While this analysis isn’t strong enough to establish causation, the story it tells, of partisan gridlock and frustrations with health care swaying the minds of voters, is certainly plausible. Perhaps an uninsured voter took a chance on Trump not because of Facebook memes but because of constant knee pain, and his inability to afford the painkillers, the cortisone shots, or the surgery needed to alleviate it. Another may have thought about her mother’s missed doses on her expensive prescription medications while standing in the polling booth. Pathology, and a powerlessness to treat it, could have influenced crucial votes.

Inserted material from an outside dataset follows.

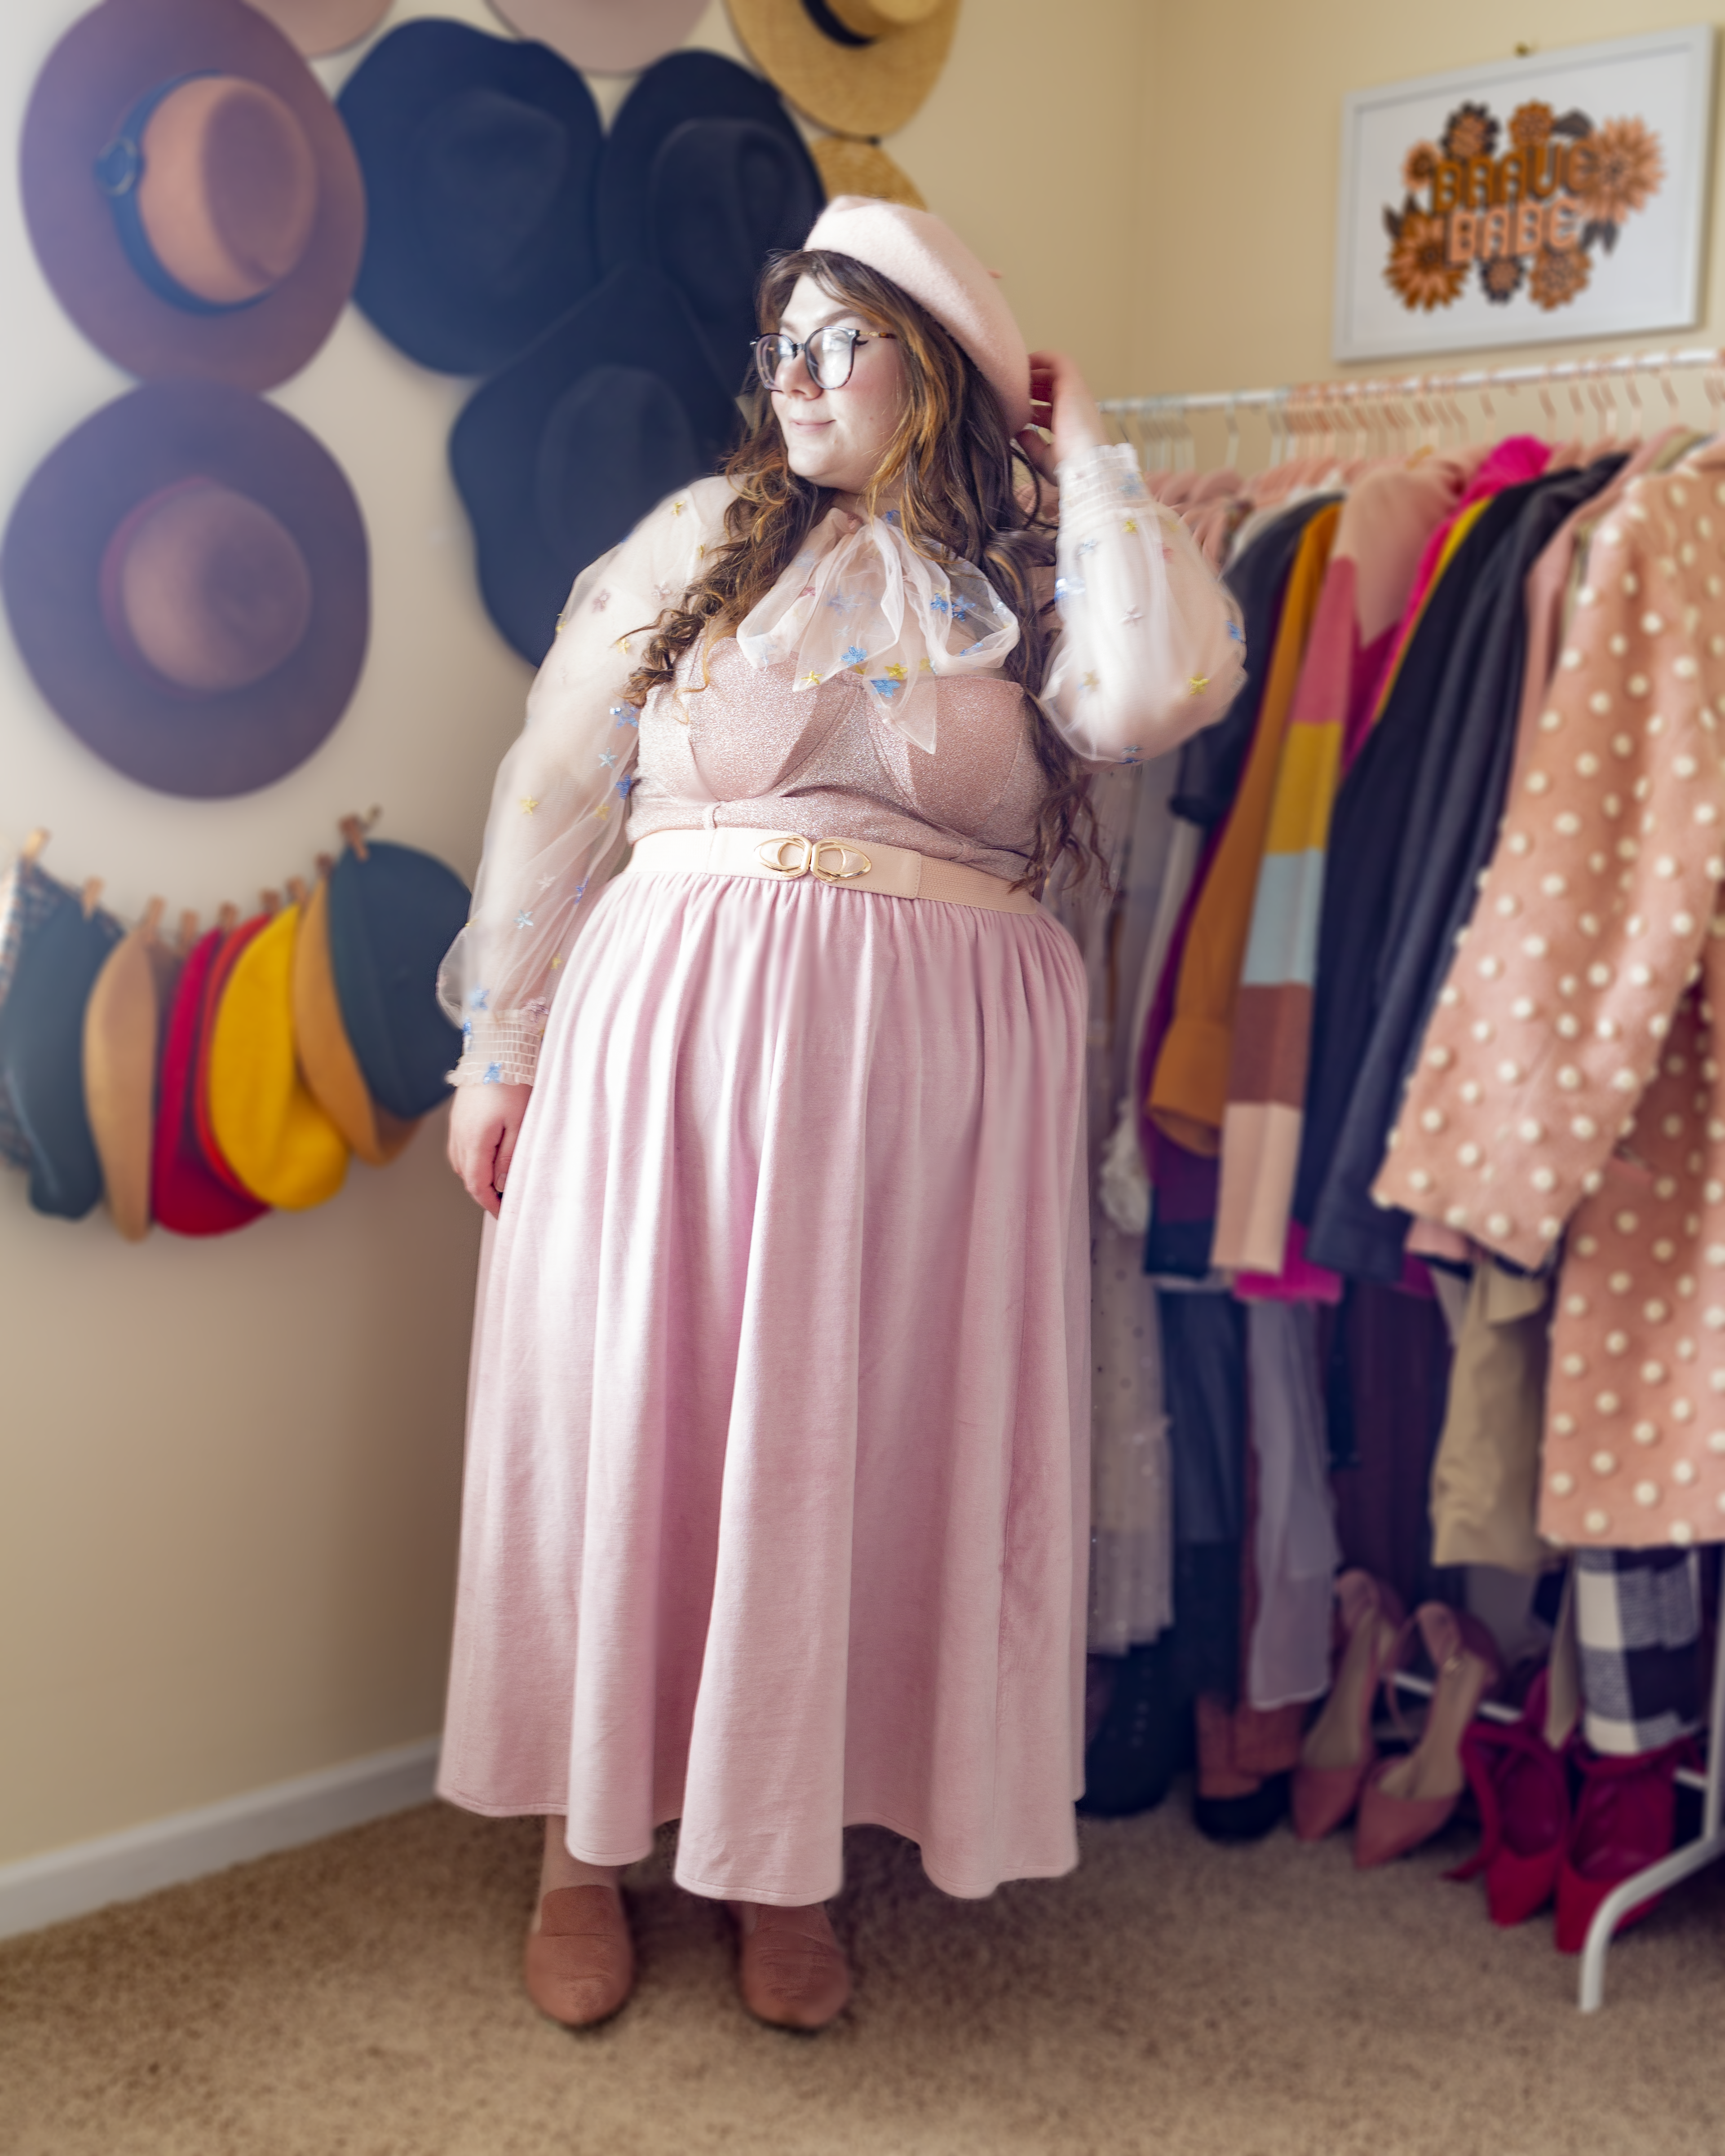 An outfit consisting of a beige wide brim hat, sheer white sheer bow blouse with pastel pink, yellow and blue sequin flowers, tucked into pastel pink velour midi skater skirt, and pink mules.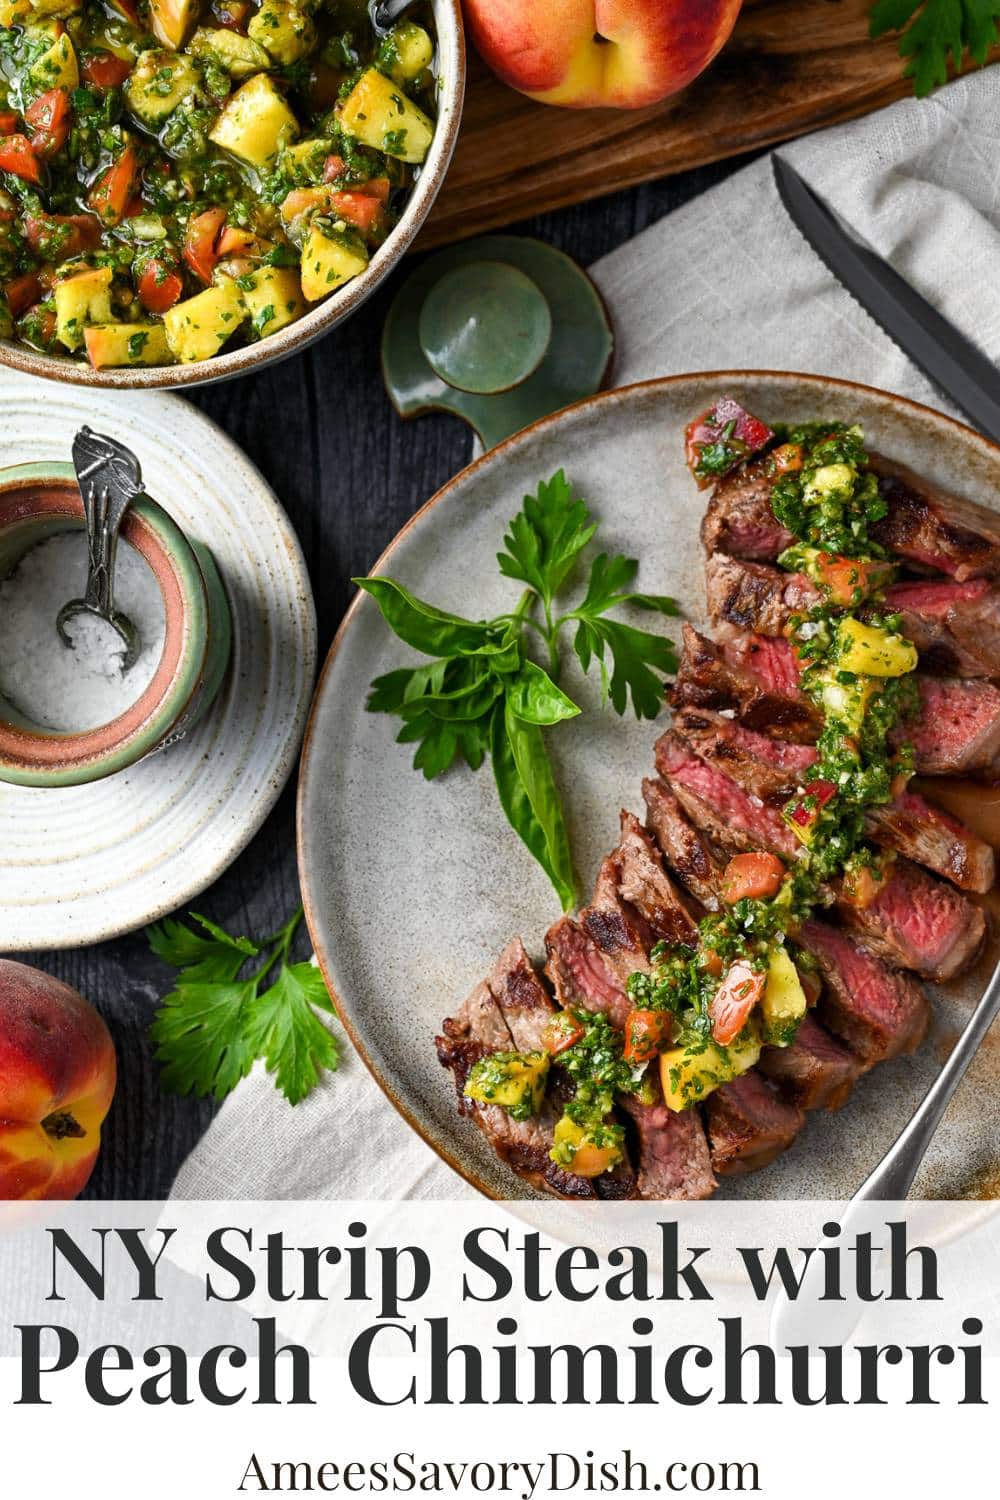 #Sponsored A recipe for grilled New York Strip Steak topped with a flavorful chimichurri sauce made with fresh herbs, grilled peaches, and heirloom tomatoes.  This might just be the best steak dinner that I've ever eaten!  via @Ameessavorydish

Our findings suggest that health care can help explain the decisions of the electorate last November, and how to move forward today. To many, perhaps this result isn’t a surprise, given that the repeal of the ACA has served as a rallying flag for conservatives, and the hope of saving it has filled a similar role for progressives today, particularly over the past week. While access to health care improved nationwide, some communities were forgotten in the heat of bitter partisanship. Given that they tilted heavily toward Trump and his anti-establishment message, it’s likely that voters in these counties held both parties culpable for their frustrations.

The recent failure of the AHCA presents an opportunity for fresh ideas and a new wave of bipartisanship in health reform. As aspiring physicians, we hope Aroostook’s story will be instructional for policymakers on both ends of the political spectrum. Democrats ought to acknowledge that although Medicaid expansion and state-based exchanges have expanded coverage and improved access, they have their shortcomings — like increasing deductibles and narrowing provider networks. On the other hand, Republicans should recognize that block grants for Medicaid and high-risk pools, cornerstones of conservative health policy, are unlikely to rescue Aroostook.

Instead, they would threaten access to quality care for the sickest and most vulnerable Americans. Citizens of these counties are hurting, and their issues with health care warrant more than dogmatic plans built upon abstractions, and legislative sabotage done for cold political gain. Whatever path health reform takes, they deserve to share in the gains that much of the country has seen over the past few years. We owe them no less.

Suhas Gondi and Evan Beiter are undergraduate students. Vishal Khetpal is a medical student.